The charm should lie in the hustle and bustle of the markets, the naturalness of the fishing villages and a few temples. Well, we'll see. All Muhsens took the ferry across the Yangon River. Already on the ferry we and especially our children were scrutinized and sometimes touched. This is supposed to bring good luck.

On the other side there was a market for locals. But there were also a few drivers ready to take you for a ride on their motor tricycle. So let's go...



First stop: a pagoda/ temple. We looked around a bit and once again marveled at how much gold is just standing around here in the landscape.



We photographed fences that are forbidden in Germany


and chatted a bit with a novice monk who lives here with his colleagues.



We continued to a village a few kilometers away. The people here live in simple huts, mostly just one room with a table and bed, sometimes nothing at all.
Our guide wanted to show us a cemetery. 


Close by, children played with equally spartan toys as the interior of the houses. Philipp gave them a little something from his toys.



Next stop was a real 'orphanage'. Not directly recognizable as such as it was just a few huts on the edge of a settlement. A missionary takes care of the parentless little ones or those whose parents have succumbed to alcohol and drugs. The conditions were very primitive and we were not prepared for it. So we could only donate and give away a little.
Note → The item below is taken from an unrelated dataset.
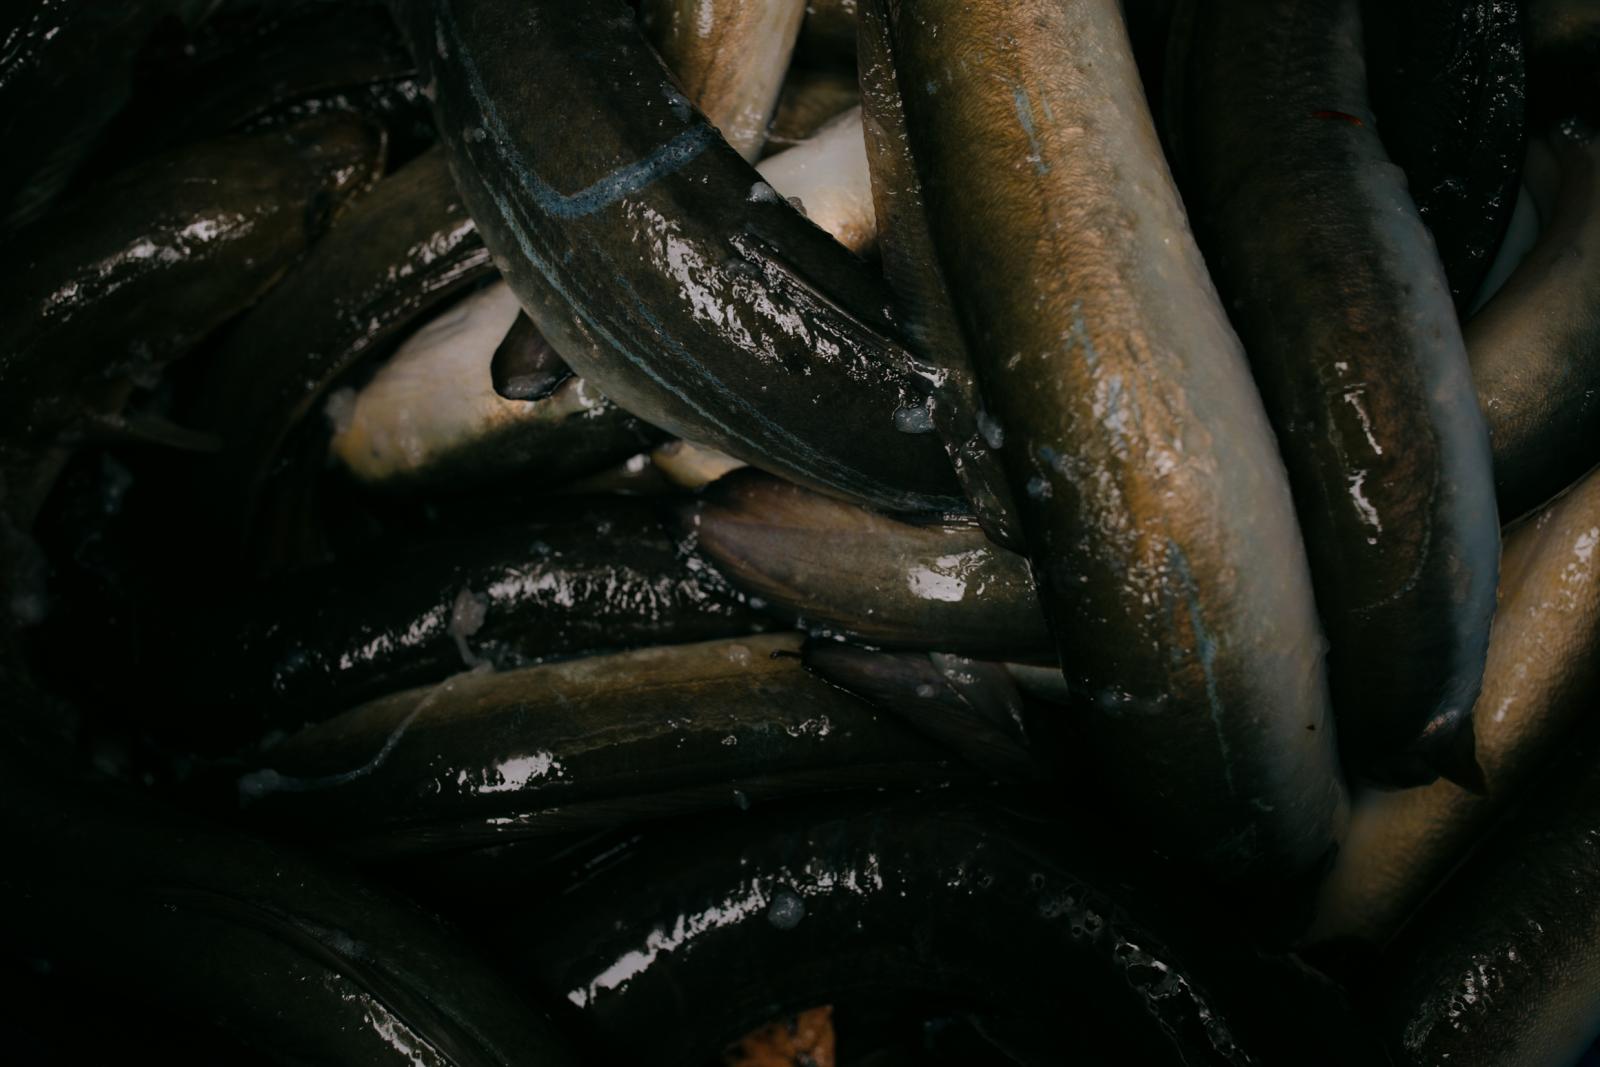  A bucket holds several dozen e... from the eels before smoking.

Then the next destination was 'Temple of the 40 Snakes'. We didn't suspect that the noun would actually be an omen. A temple on a small island in the middle of a small artificial pond - full of snakes! 






We were amazed. There was an older monk and an older woman sitting there. A snake wanted to get some fresh air but was promptly pushed back by the woman and a prepared stick.
After the impressive snakes, the next superlative, the temple of the 1000 Buddhas! Here we could imagine beforehand that it would be true. Like the Terracotta Army, the colleagues stood in rows and files.  



Philipp and I climbed up a pagoda and enjoyed the view.


But then it was enough for this day. Our driver took us back to the port in the tuk-tuk. 

The streets of Yangon were partially very Chinese decorated. The Middle Kingdom is obviously reaching out here.


A very eventful and exciting day came to an end and we were glad we took this trip!